Answers above are far too high, second (1 core per VM) is closer. You can either 1) plan ahead and probably over-purchase 2) add just-in-time. Do you have some reason that you must know well ahead (yearly budget? your chosen host platform doesn't cluster hosts, so you can't add later?)
Unless you have an incredible simple usage profile, it will be hard to predict before and you'll over purchase. The answer above (+25%) would be several times more than you need for an modern server virtualization software (VMware, Zen, etc) that manages resources smartly. It's accurate only for desktop products like VPC. I chose to rough it out on a napkin and profile my first environment (set of machines) on the host. I'm happy.
Examples of things that will confound your estimation
Disk space, Some systems (Lab
Manager) use only the difference in
space from the base template. 10
deployed machines with 10 GB drives
using about 10 GB (template) + 200MB.
Disk space: You'll then find you
don't like the deltas in specific
scenarios.
CPU / Memory: This is dev
shop - so you'll have erratic load.
Smart hosts don't reserve memory and CPU.

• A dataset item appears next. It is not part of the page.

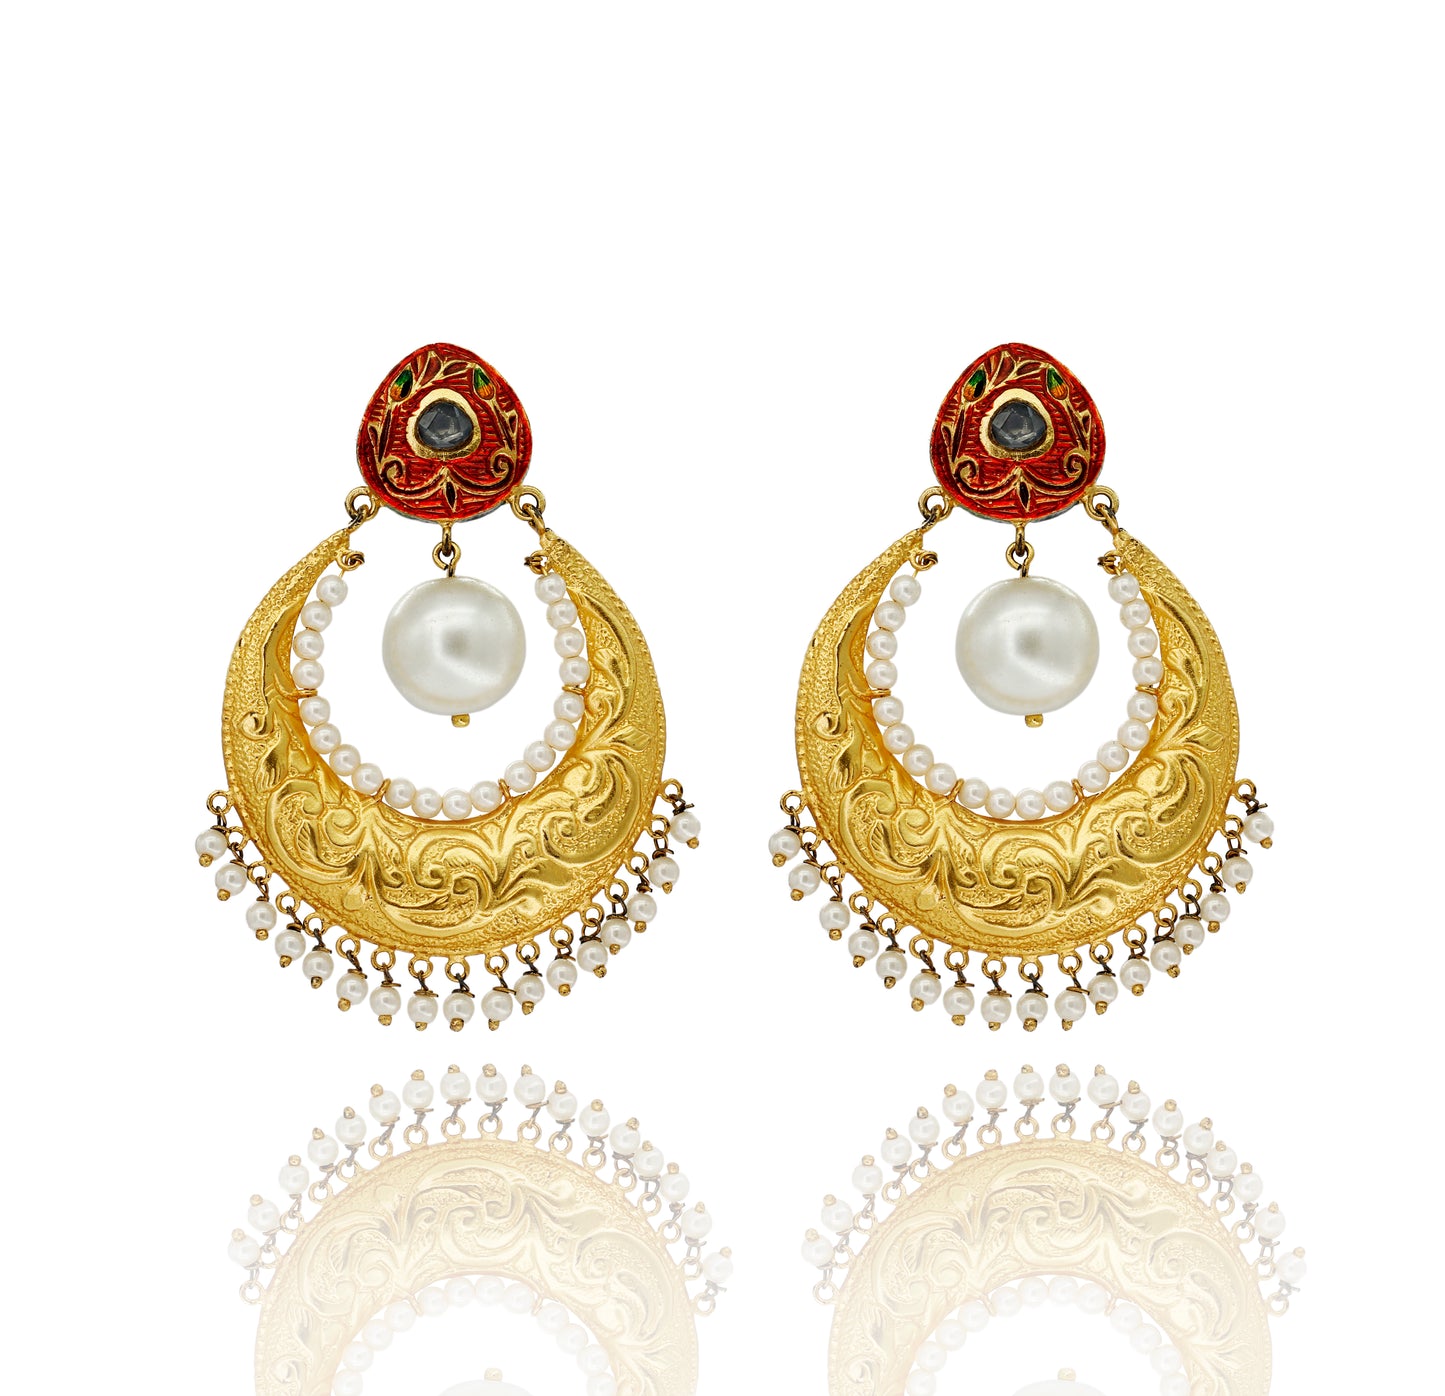 EARRINGS:-92.5 STERLING SILVER GOLD PLATED WITH ENEMAL & CRYSTAL, CULTURED & FRESH WATER PEARLS.

CPU / Memory: But then you'll
want to do perf testing, and want to
reserve CPU cycles (not all hosts can
do that)
We all virtualize for different reasons. Many of the guests
in our environment don't have much work. We want them there to see how something behaves with a cluster of 3 servers of type X. Or, we have a bundle of weird client desktops waiting around, being used one at time by a tester. They rarely consume many host resources.
So, if you are using something like that doesn't do delta disks, disk space might be somewhat calculable. If lab manager (delta disk), disk space is really hard to predict.
Memory and processor usage: You'll have to profile or over-purchase heavily. I have many more guest CPUs than host CPUS, and don't have perf problems - but that's because of the choppy usage in our QA environments.